2024 Articles

Intravenous Versus Oral Omadacycline or Linezolid for Acute Bacterial Skin and Skin Infections: A post hoc Analysis of the OASIS Trials

Rodriguez, George D.; Warren, Nathan; Yashayev, Roman; Chitra, Surya; Amodio-Groton, Maria; Wright, Kelly

Introduction
Appropriate oral antibiotic therapy for the treatment of acute bacterial skin and skin structure infections (ABSSSI) is a challenge, as current oral treatment guidelines do not fully cover the most common skin pathogens. Both linezolid and omadacycline are available as intravenous or bioequivalent oral formulations.

Materials and methods
This post hoc analysis of the OASIS-1 (ClinicalTrials.gov identifier NCT02378480) and OASIS-2 (ClinicalTrials.gov identifier NCT02877927) phase 3 trials assessed safety and clinical efficacy of intravenous (IV)-start versus oral (PO)-start therapy in patients treated with omadacycline or linezolid for ABSSSI. In OASIS-1, patients were randomized to IV omadacycline or linezolid, with optional switch to oral therapy, while patients in OASIS-2 received oral omadacycline or linezolid. Treatment was provided for 7–14 days in both studies. The primary endpoint was an early clinical response (ECR) at 48 to 72 h, defined as survival and ≥ 20% reduction in lesion size, without rescue antibacterial therapy.

Results
A total of 645 IV-start inpatients and 735 PO-start outpatients were assessed.
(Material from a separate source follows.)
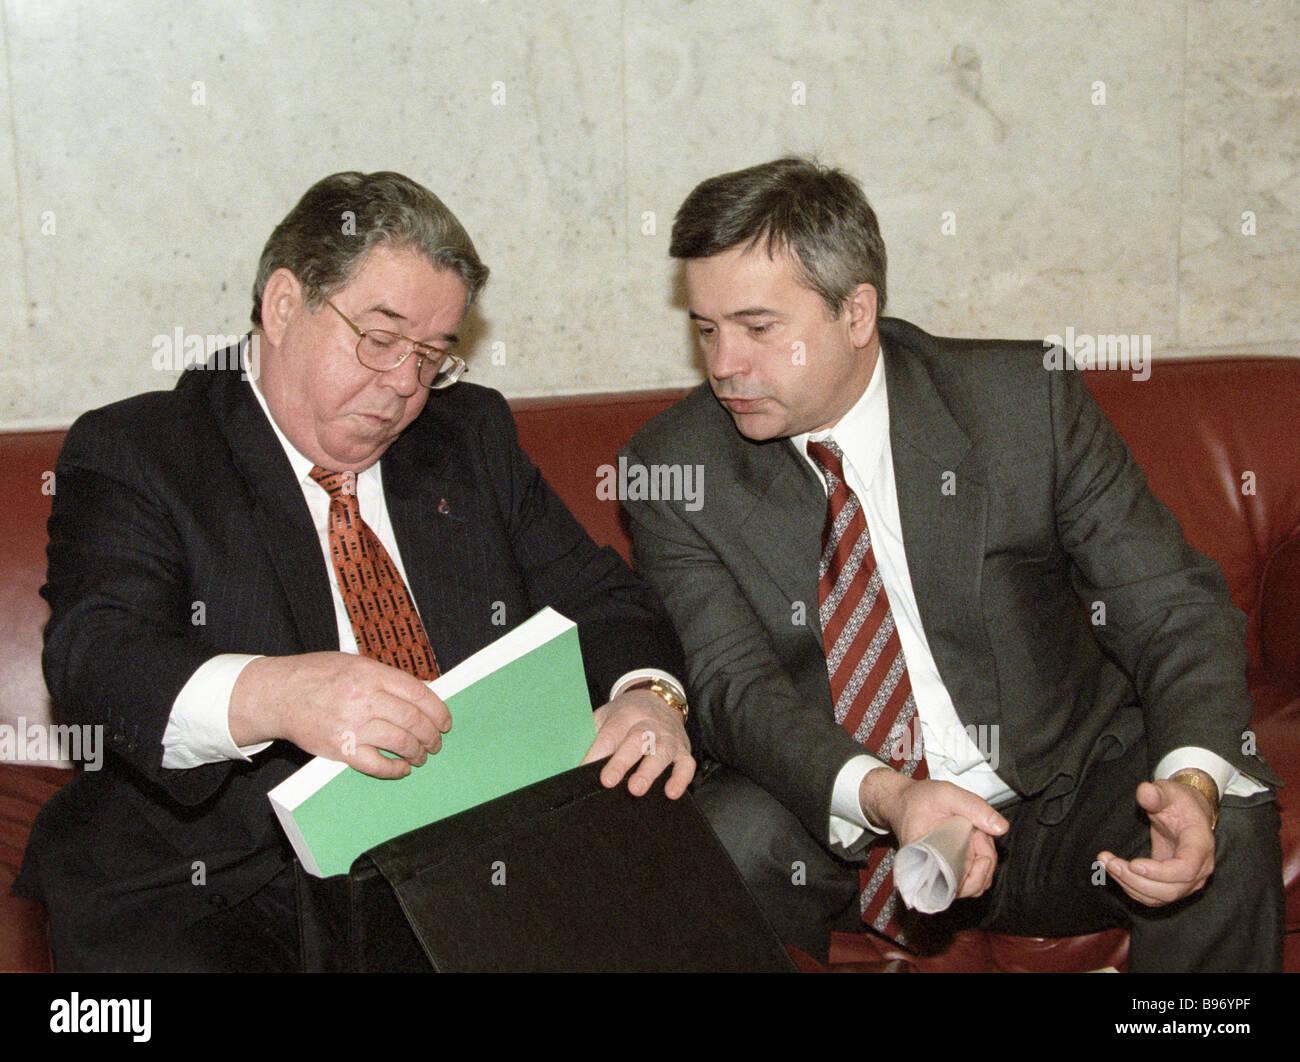 Rem Vyakhirev Gazprom board chairman and Vagit Alekperov LUKoil president - Stock Image

Median age was 47 years for the IV-start group and 44 years for the PO-start group. Most patients had solely gram-positive infections (97% in each group; ECR [85.2% IV-start and 85.0% PO-start]), and the incidence of treatment-emergent adverse events (AEs) was similar between the groups. The most frequent AEs observed were nausea (11.2% [IV-start] versus 18.9% [PO-start]) and subcutaneous abscess (5.6% [IV-start] versus 1.9% [PO-start]). Discontinuation due to AEs was infrequent in both groups (2% [IV-start] versus 1.2% [PO-start]).

Conclusion
Oral therapy is equally efficacious to IV therapy when omadacycline or linezolid is used to treat ABSSSIs. These data strengthen the evidence for oral omadacycline as a therapeutic option for ABSSSI, particularly for patients who have experienced treatment failure because of the limitations of other therapies.

Trial registration Clinicaltrials.gov, NCT02378480 and NCT02877927.